_WHAT YOU ARE ASKED TO DO_. Nothing but the lines from the one containing "Star Wars Han" through the last line of the material should appear in the answer, transcribed exactly, pictures excluded.

_DATA SEGMENT_.
------------------------------------------------

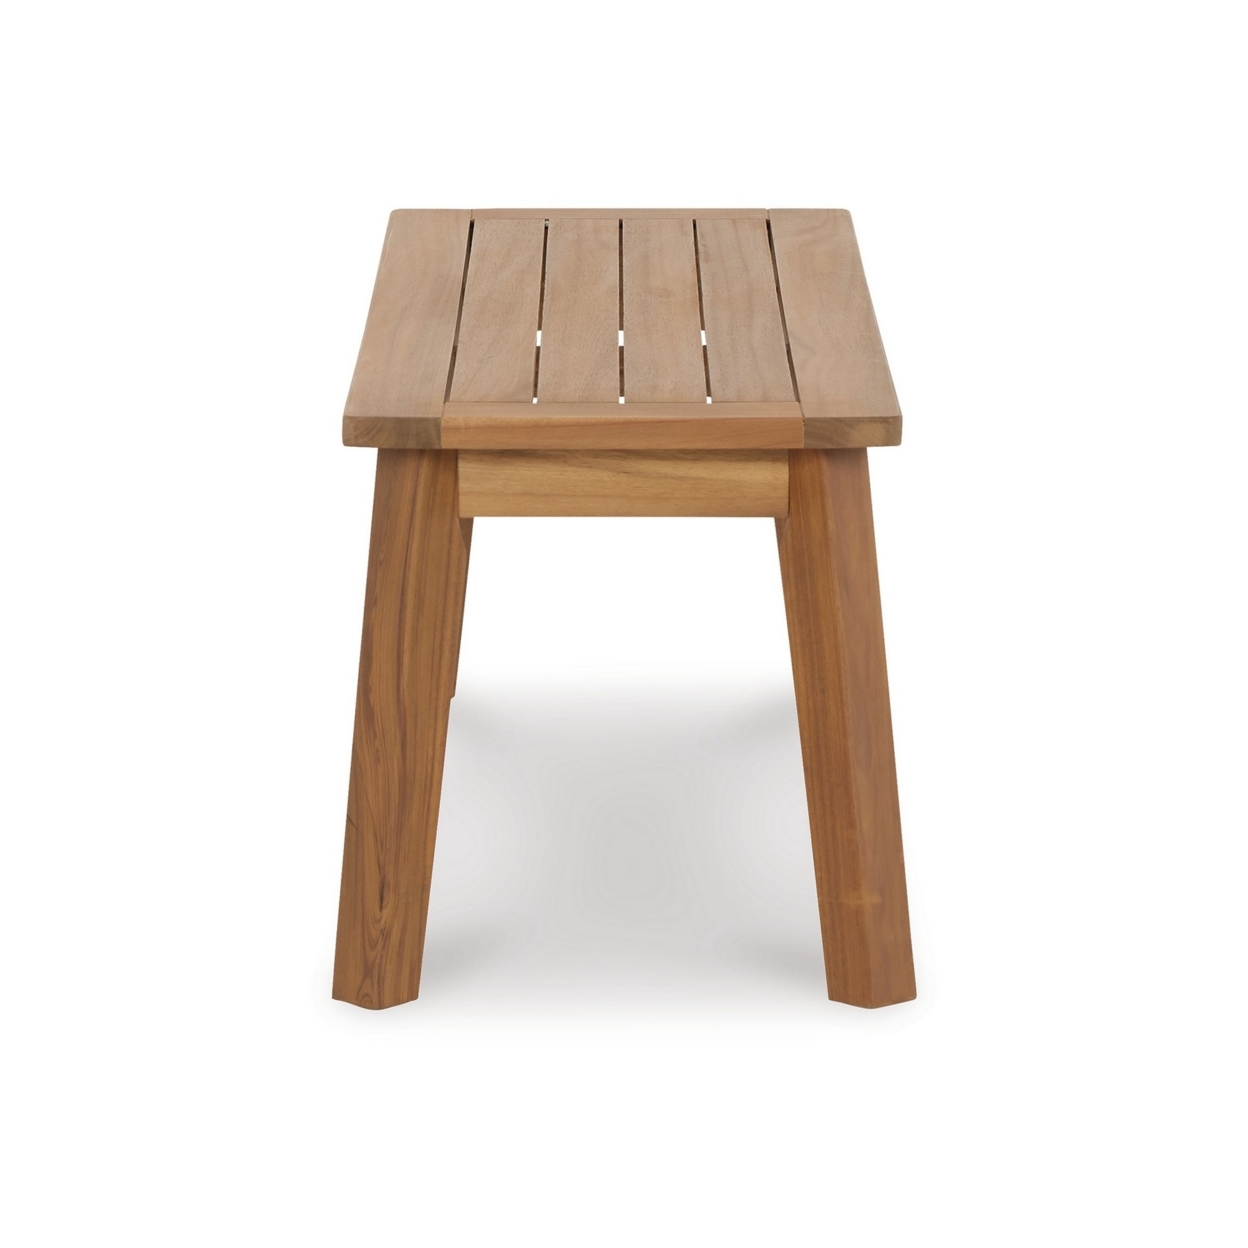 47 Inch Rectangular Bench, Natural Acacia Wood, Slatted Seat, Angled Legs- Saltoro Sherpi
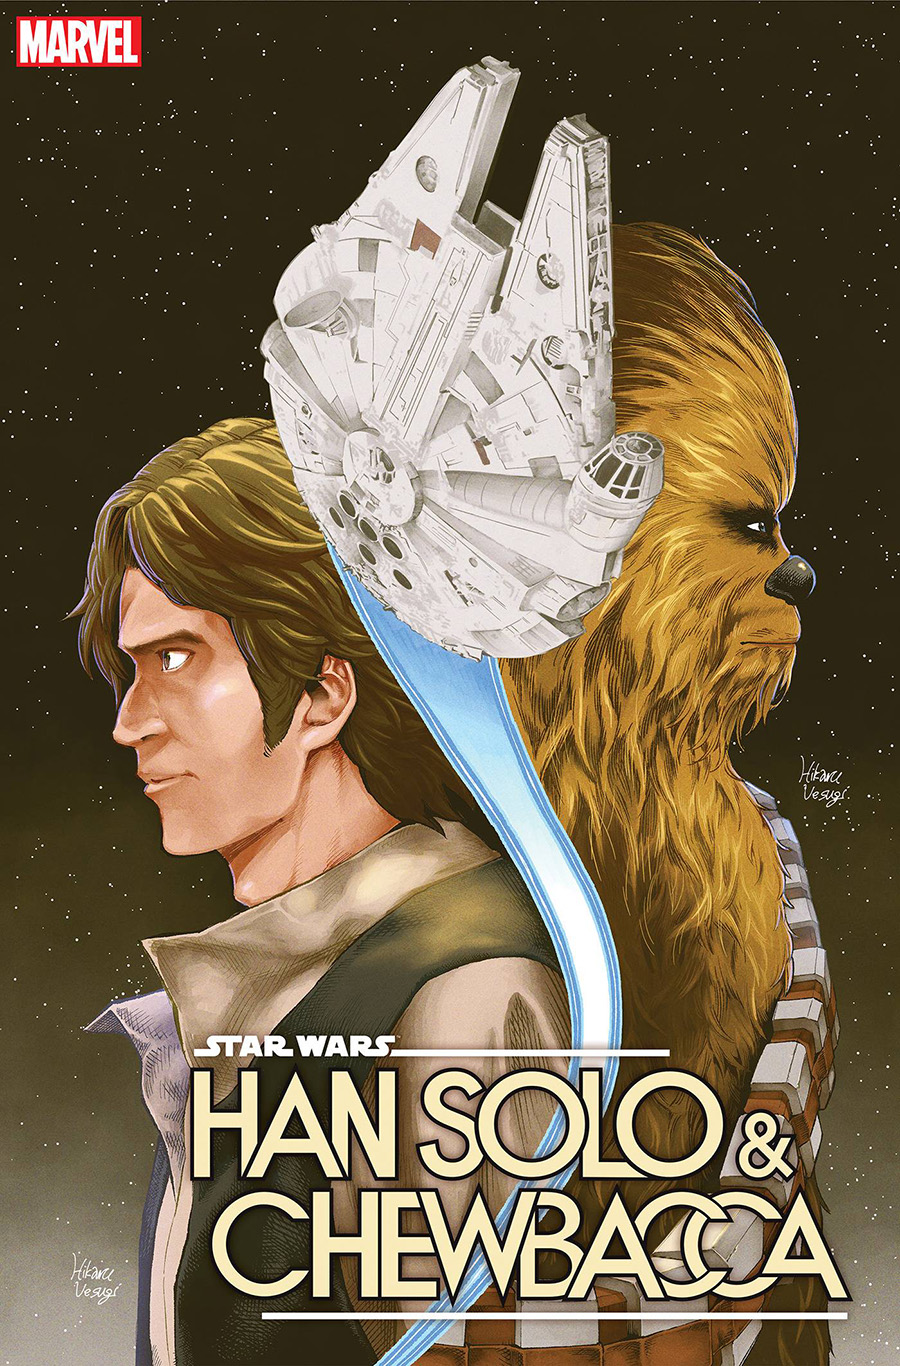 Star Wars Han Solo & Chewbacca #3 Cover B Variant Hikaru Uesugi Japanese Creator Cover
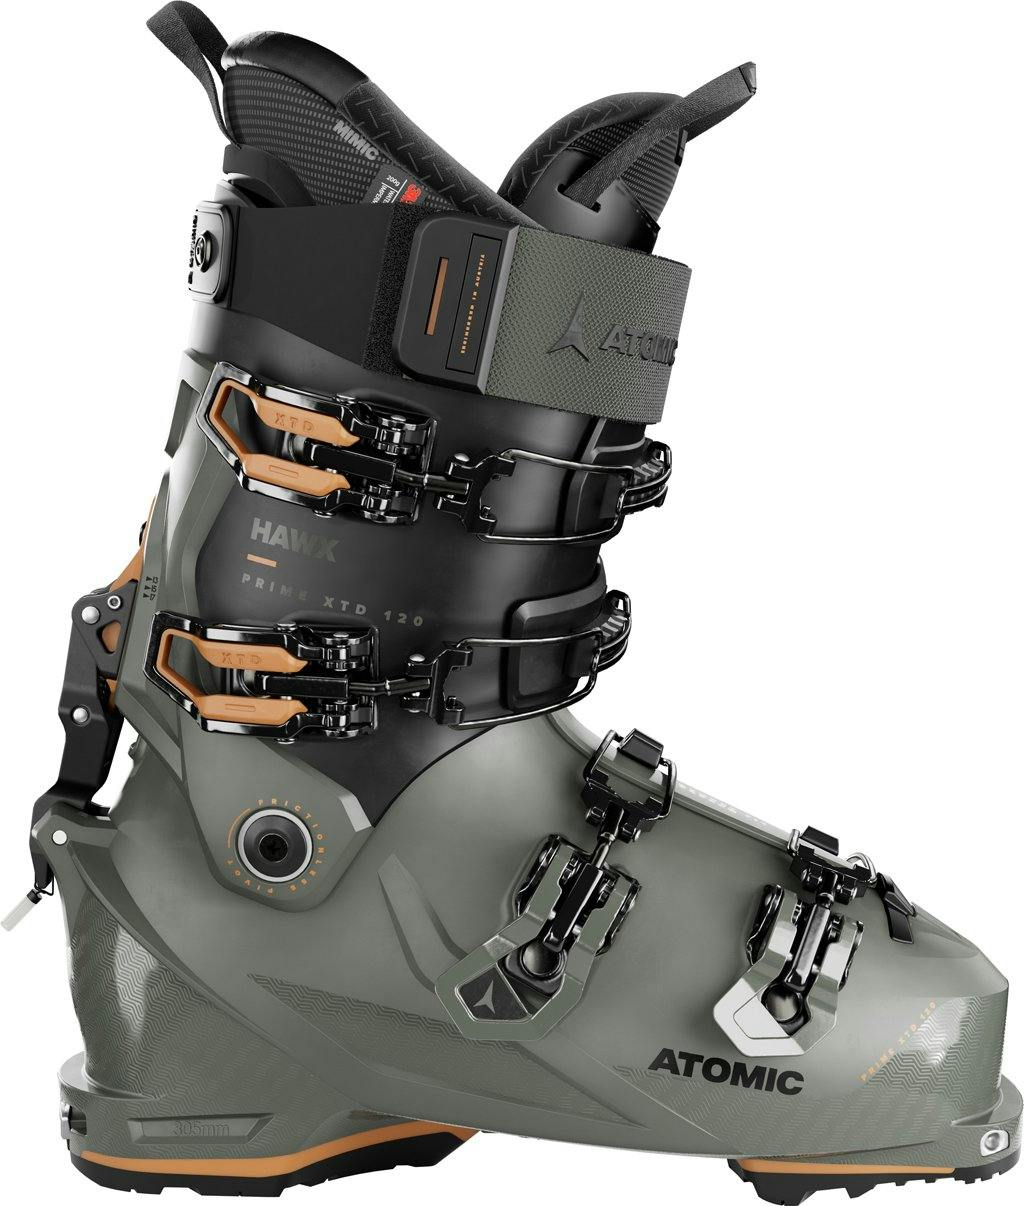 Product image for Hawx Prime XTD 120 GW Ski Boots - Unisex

------------------------------------------------

_TASK RESPONSE_.
 Star Wars Han Solo & Chewbacca #3 Cover B Variant Hikaru Uesugi Japanese Creator Cover
 Product image for Hawx Prime XTD 120 GW Ski Boots - Unisex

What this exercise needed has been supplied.